--- DATA IN THIS EXERCISE ---
************
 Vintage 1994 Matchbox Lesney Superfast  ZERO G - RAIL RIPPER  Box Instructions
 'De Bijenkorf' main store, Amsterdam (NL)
************
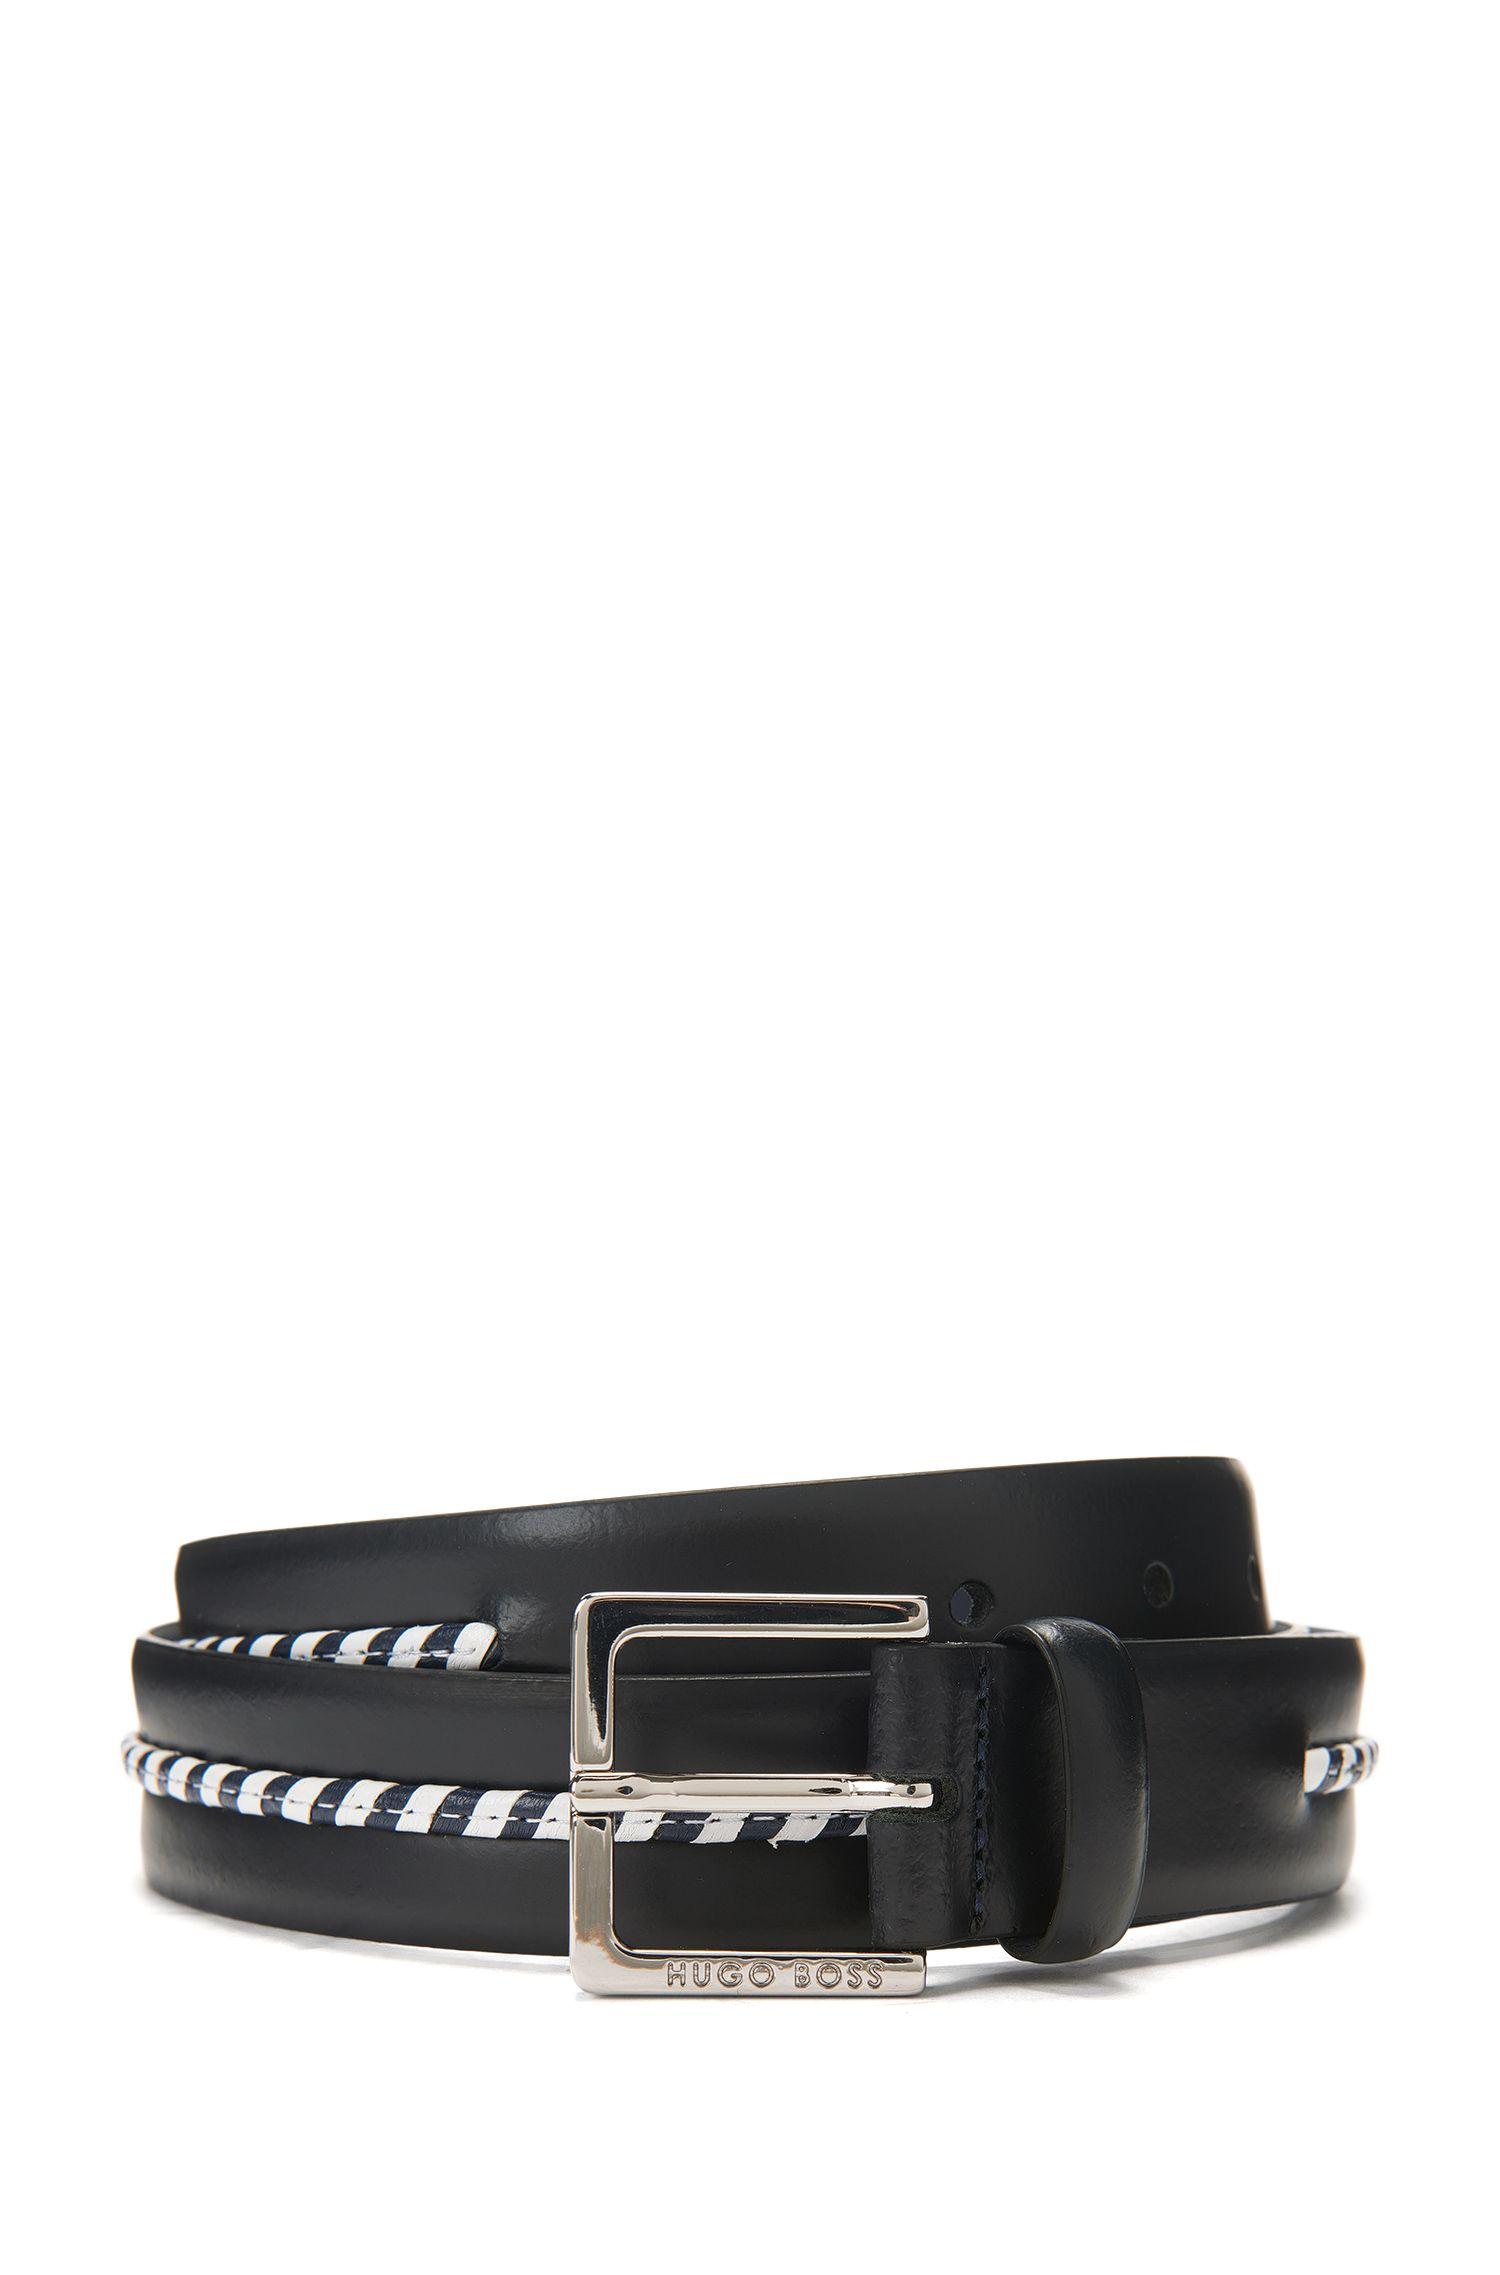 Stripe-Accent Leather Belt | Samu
************
--- INSTRUCTIONS TO FOLLOW ---
Going back to the entries above, set down exactly the lines that begin at the one with "Vintage 1994 Matchbox" and end at the one with "store, Amsterdam (NL)", both included, and nothing else.

--- TASK OUTPUT ---
 Vintage 1994 Matchbox Lesney Superfast  ZERO G - RAIL RIPPER  Box Instructions
 'De Bijenkorf' main store, Amsterdam (NL)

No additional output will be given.